# Help, Titan 1140 Impact



## AdamPaints (Sep 26, 2019)

I have a titan 1140 impact and the digi tract reads high mechanical load. I have tried turning the sprayer off and unplugging it, but the error keeps popping up causing the sprayer to shut down after a couple minutes of normal operation. I have not been able to find any information on how to fix the issue. Are there any airless sprayer repair techs that can help me out?


----------



## cocomonkeynuts (Apr 14, 2017)

AdamPaints said:


> I have a titan 1140 impact and the digi tract reads high mechanical load. I have tried turning the sprayer off and unplugging it, but the error keeps popping up causing the sprayer to shut down after a couple minutes of normal operation.
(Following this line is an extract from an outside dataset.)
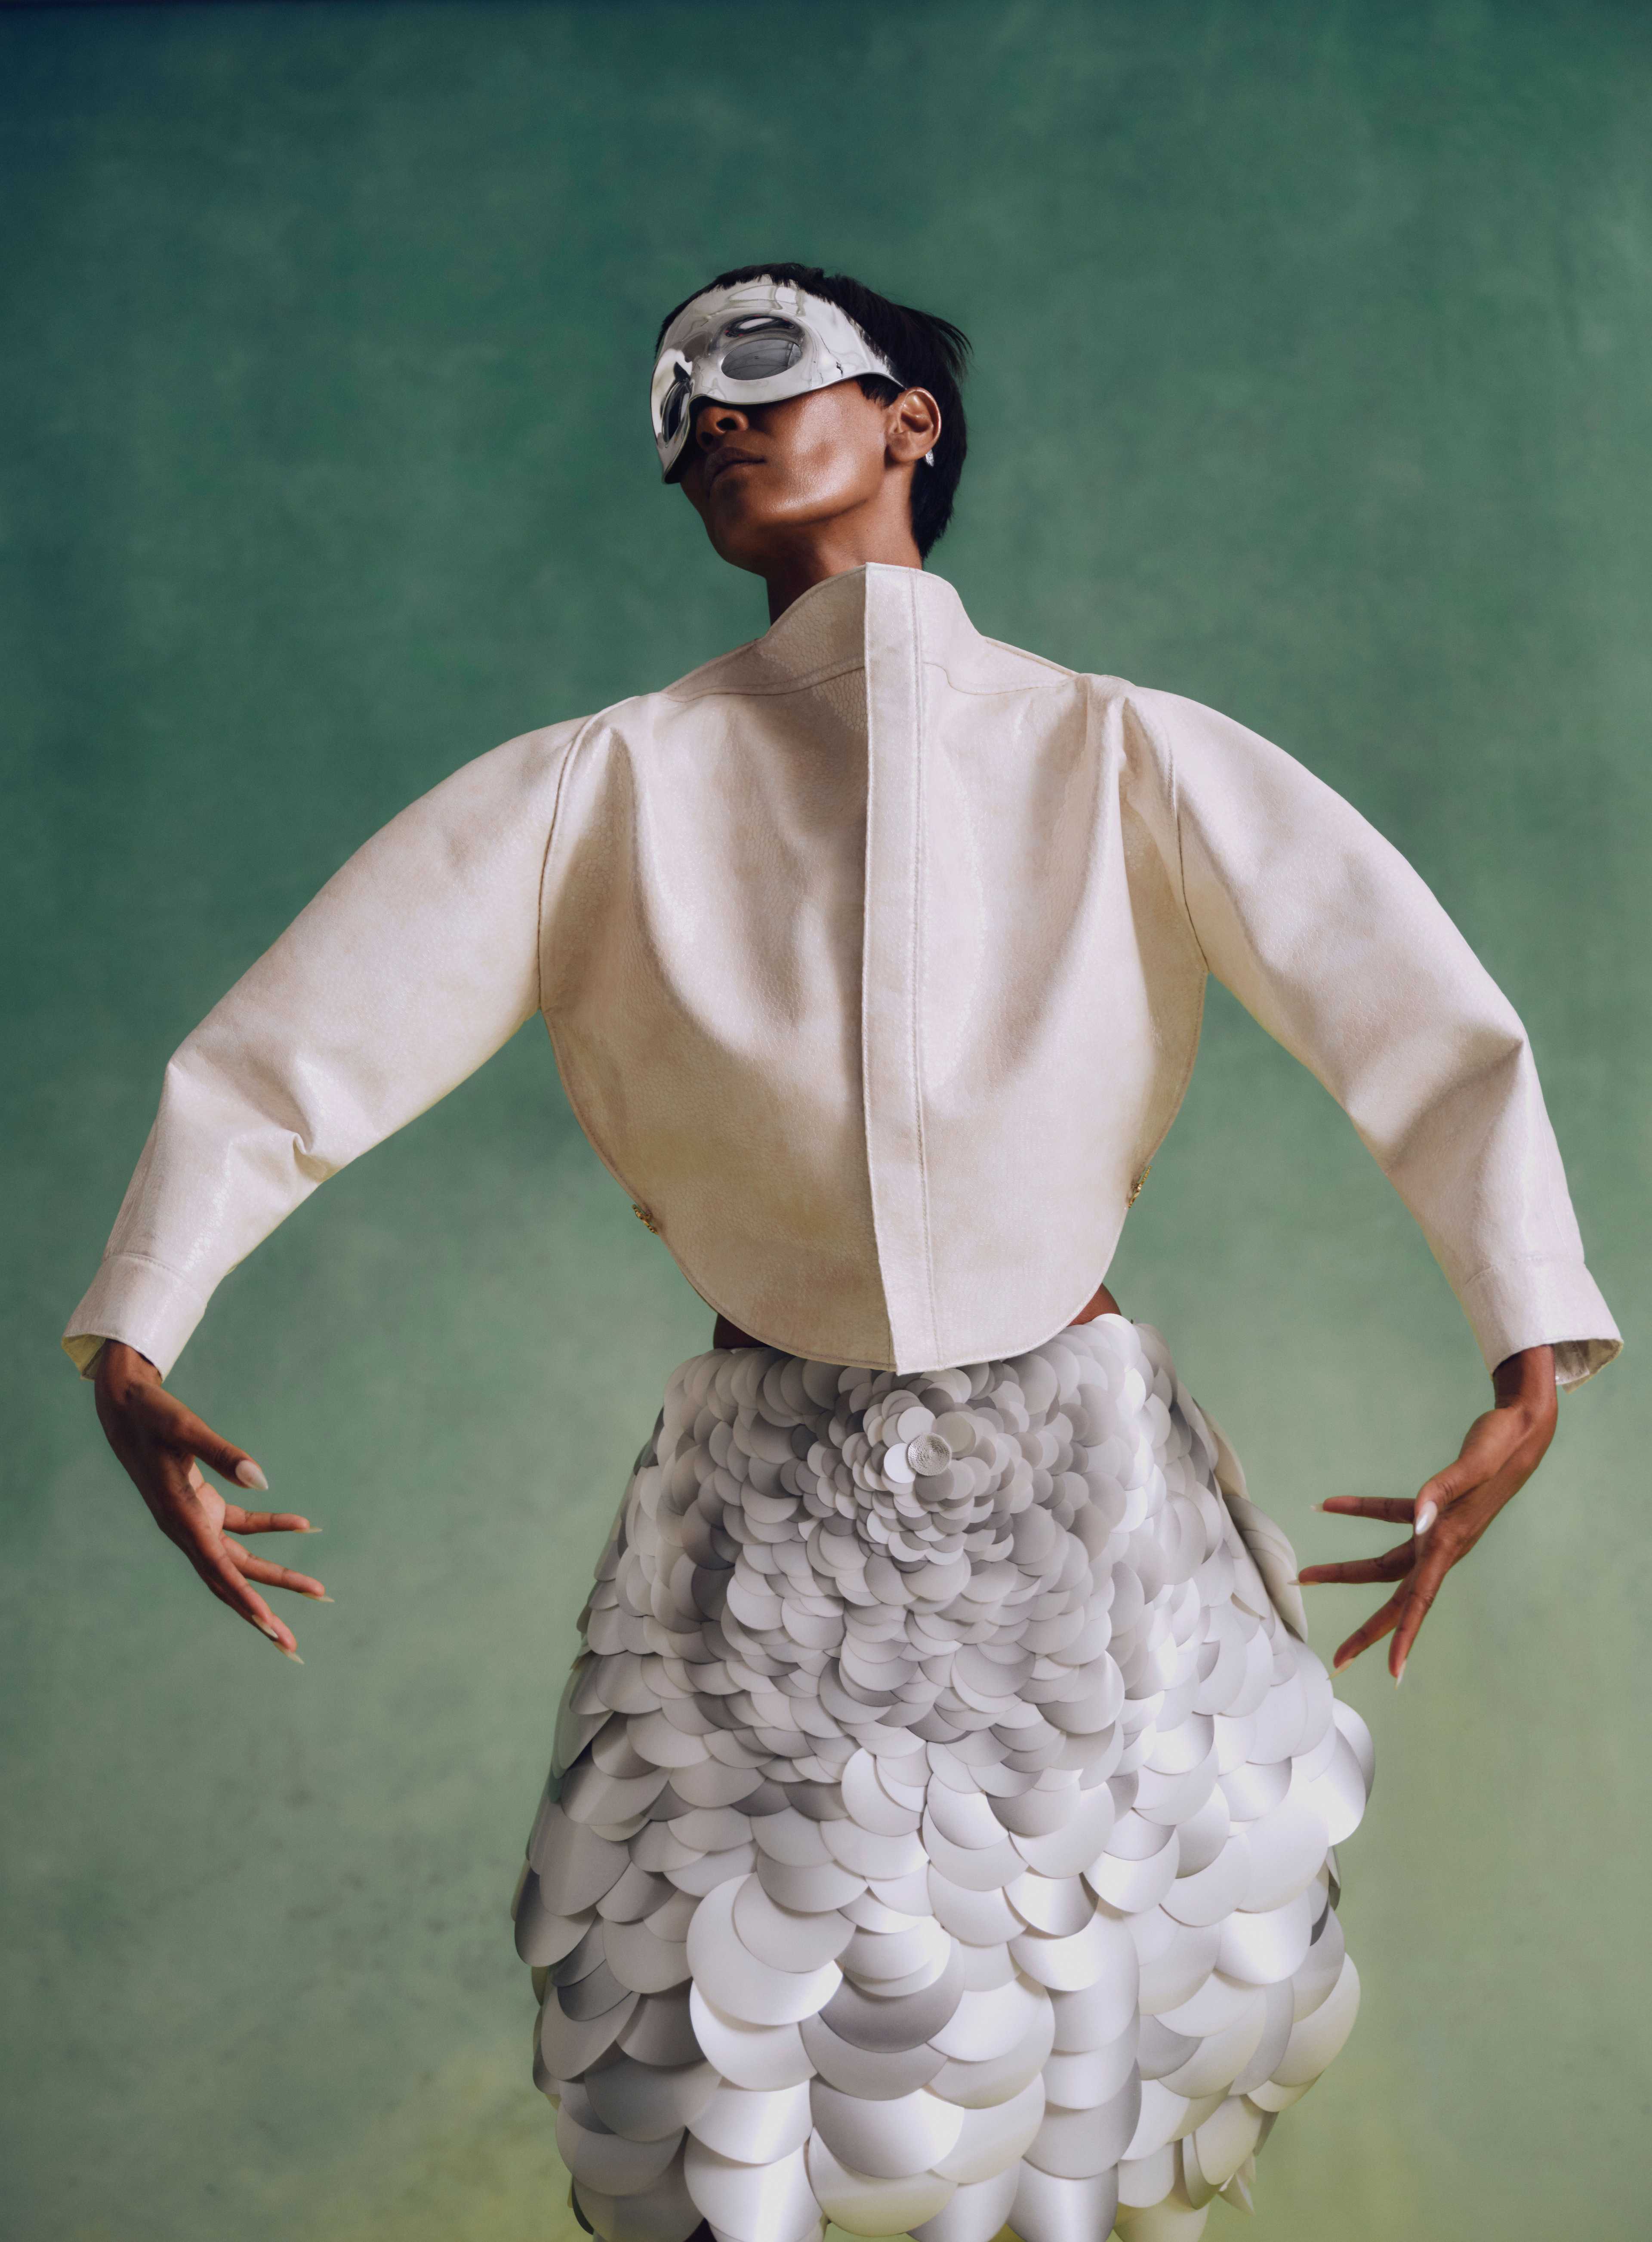 Vogue Italia - Campbell Addy + Yagamoto - 5959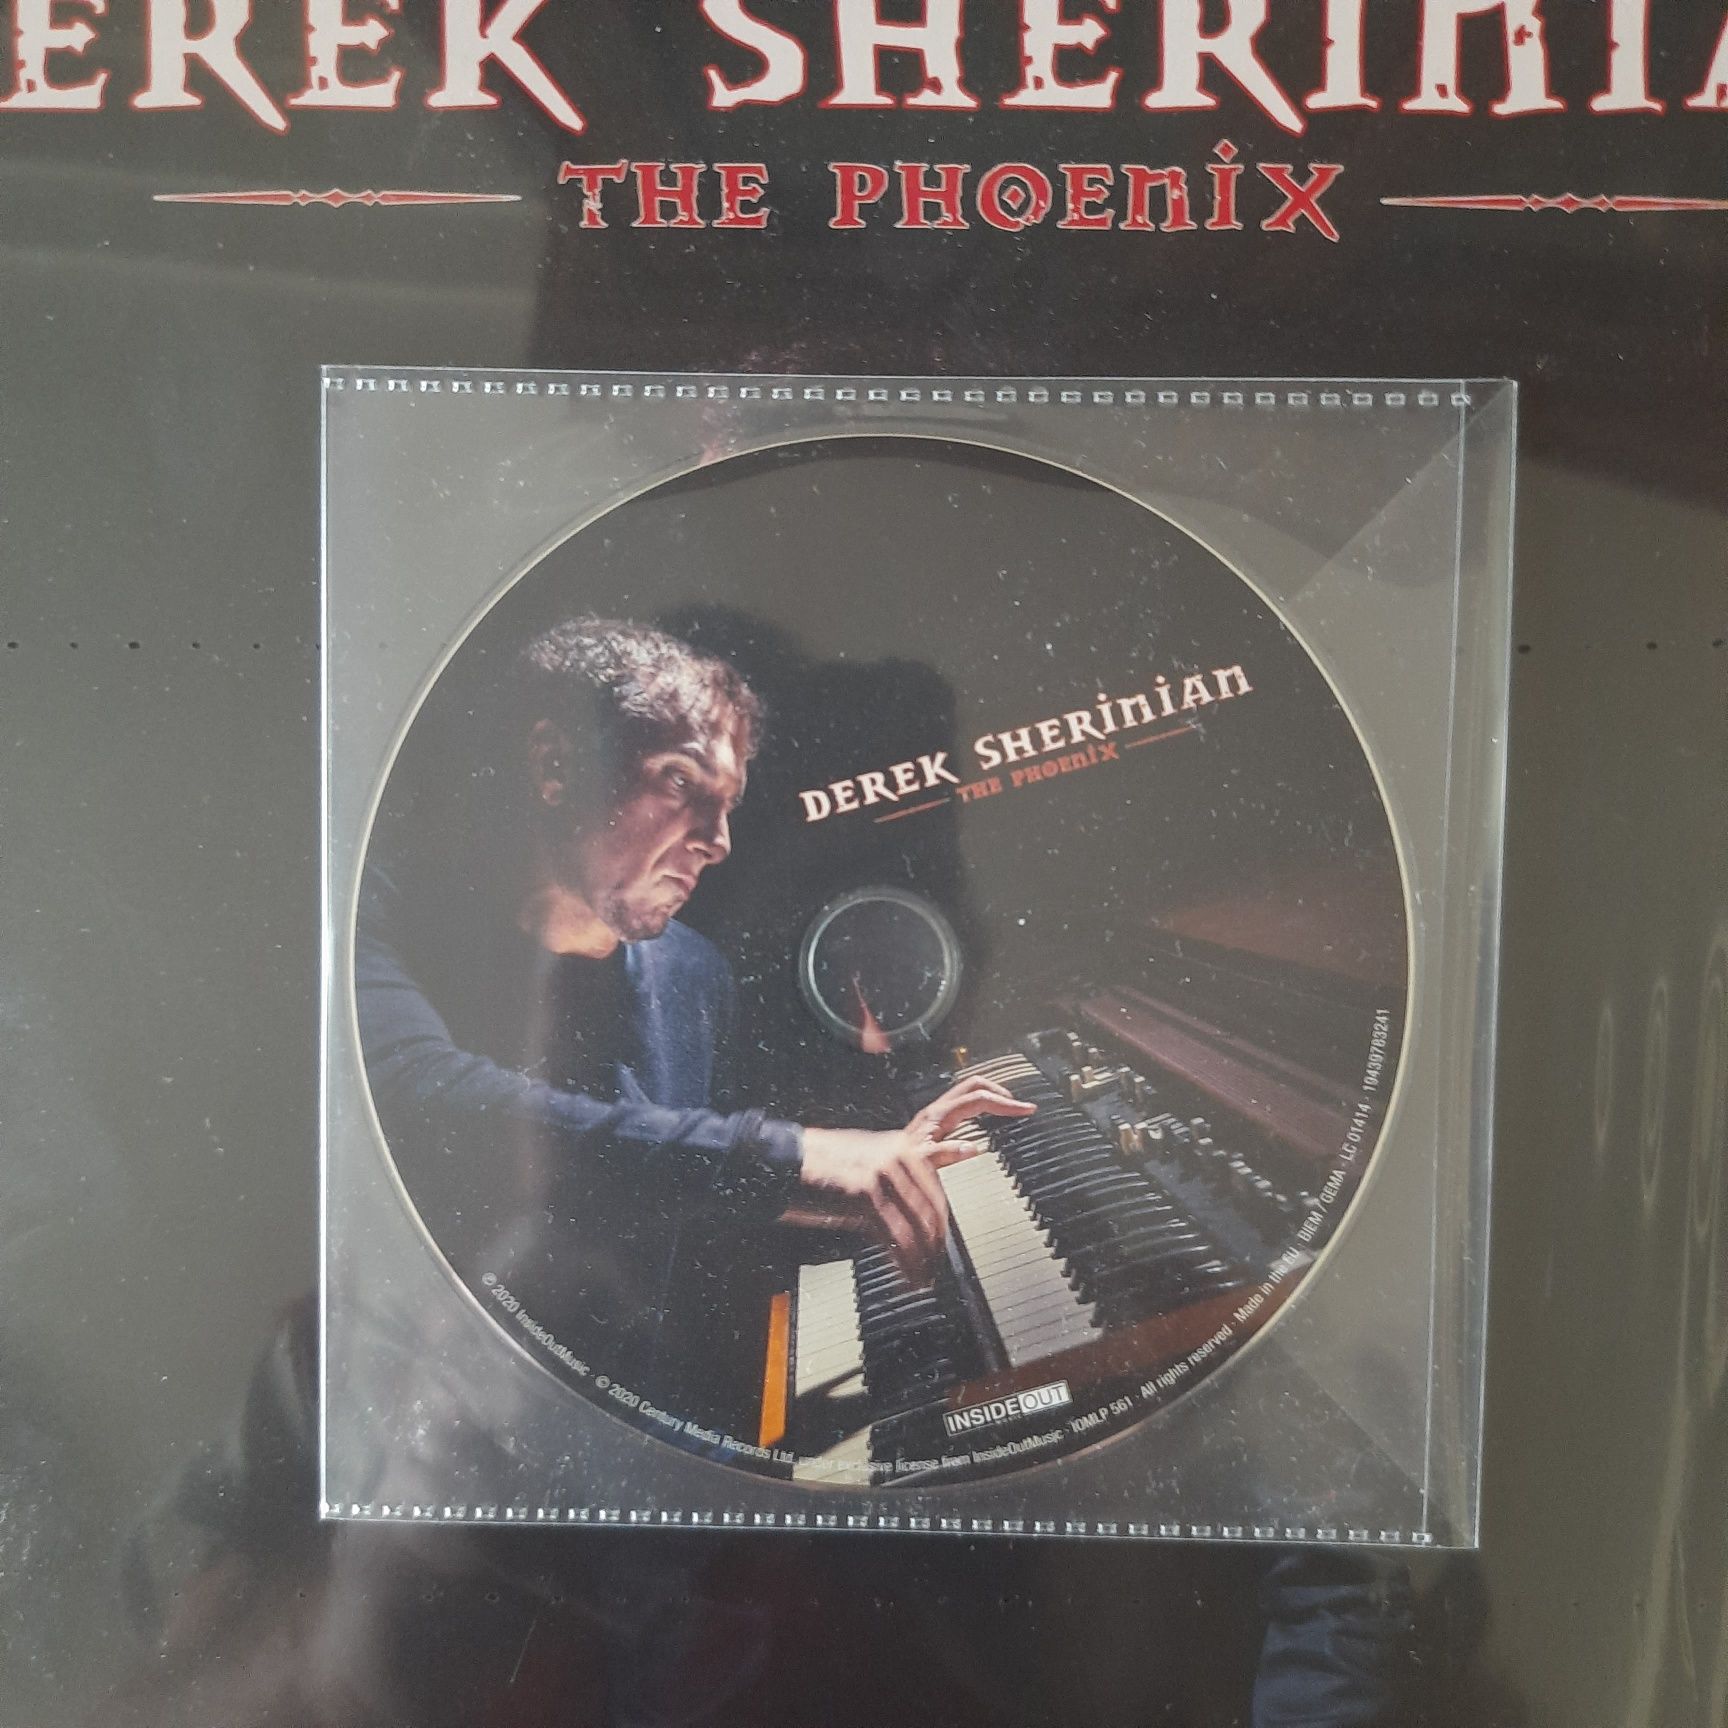 Derek Sherinian – The Phoenix

I have not been able to find any information on how to fix the issue. Are there any airless sprayer repair techs that can help me out?


I don't work on Titans but that sounds like transducer needs to be replaced


----------



## sayn3ver (Jan 9, 2010)

I thought the high mechanical load failure was from a bad/overloaded motor and or low voltage = high current situation.

Does a bad transducer, assuming it's reading higher than the actual pressure, cause the pump to shutdown?


----------



## cocomonkeynuts (Apr 14, 2017)

sayn3ver said:


> I thought the high mechanical load failure was from a bad/overloaded motor and or low voltage = high current situation.
> 
> Does a bad transducer, assuming it's reading higher than the actual pressure, cause the pump to shutdown?



Not sure about titan models but on graco, specifically older units 695-1095 I have seen this, a bad transducer can cause an issue where the sprayer runs for a bit then turns off.


I don't know much about titan pumps other than basic repack on the 440.


----------